We used support vector regression (SVR) to build the PROSPER models in order to quantitatively predict the substrate cleavage probability of differnt proteases. SVR is a supervised machine learning technique based on the structural risk minimization from statistical learning theory and it has an outstanding ability in predicting the raw values of the tested samples. It is especially effective when the input data is characterized by high dimension and non-linear function. For the implementation of the SVR approach, we used the SVM_light package, an implementation of Vapnik¡¯s SVM for support vector classification, regression and pattern recognition.
Bi-profile Bayesian feature extraction
We exploited and evaluated several differnt types of sequence profiles based on the bi-profile Bayesian feature approach (Shao et al., 2009). This approach would be particularly useful when dealing with an unbalanced dataset comprising a smaller amount of positive samples and greater number of negative samples. More technical details about Bi-profile Bayesian signature extraction can be found at Shao et al. (2009). We integrated the bi-profile Bayesian signatures to build the PROSPER models and predict protease cleavage sites using different combinations of the following sequence and structural profiles:
(1) bi-profile Bayesian amino acid profile (BPBAA);
(2) bi-profile Bayesian secondary structure profile (BPBSS);
(3) bi-profile Bayesian solvent accessibility profile (BPBSA);
(4) bi-profile Bayesian disordered profile (BPBDISO).

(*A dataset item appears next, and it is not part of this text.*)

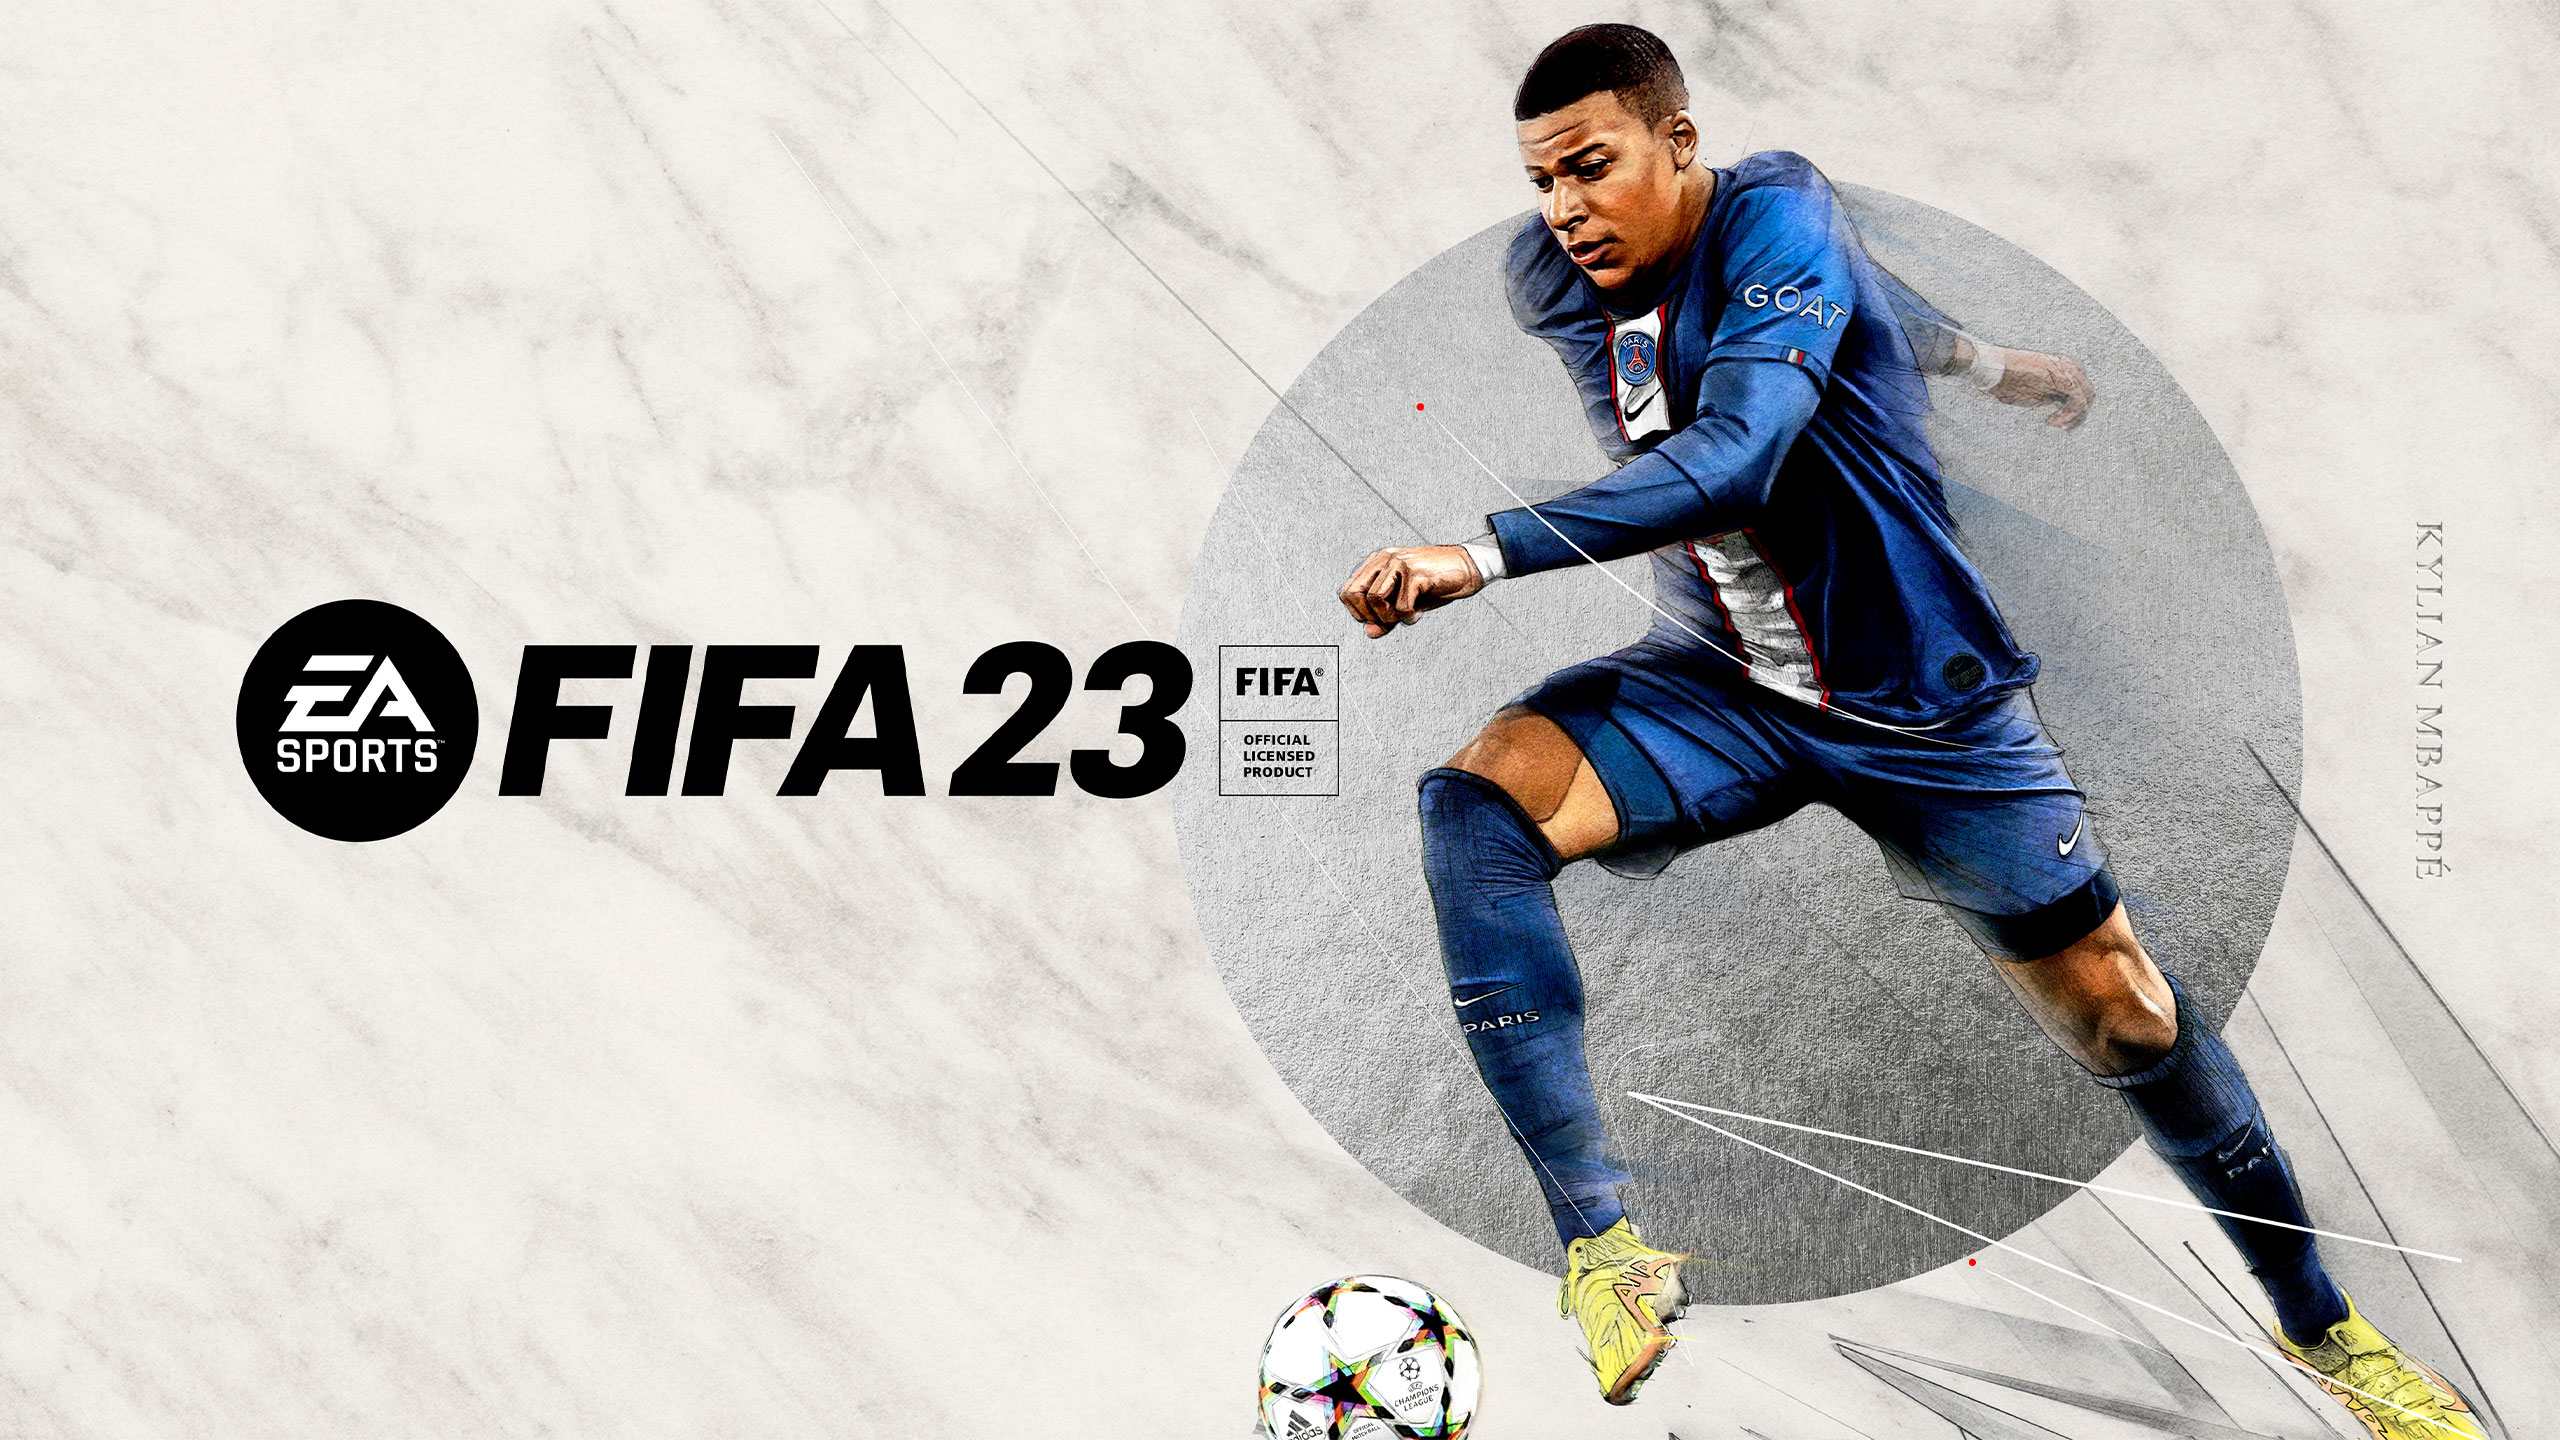 FUT 23 web app release date, when and how to download app for FIFA?

Based on these profiles, we investigated the predictive performances of different combinations of these profiles with the increasing complexity of sequence features. This step-wise procedure can reveal the contribution of individual features to the predictive performances. Given a potential cleavage site, its feature vector for input into the SVR model will be encoded by concatenating the constitutive features of the corresponding encoding scheme.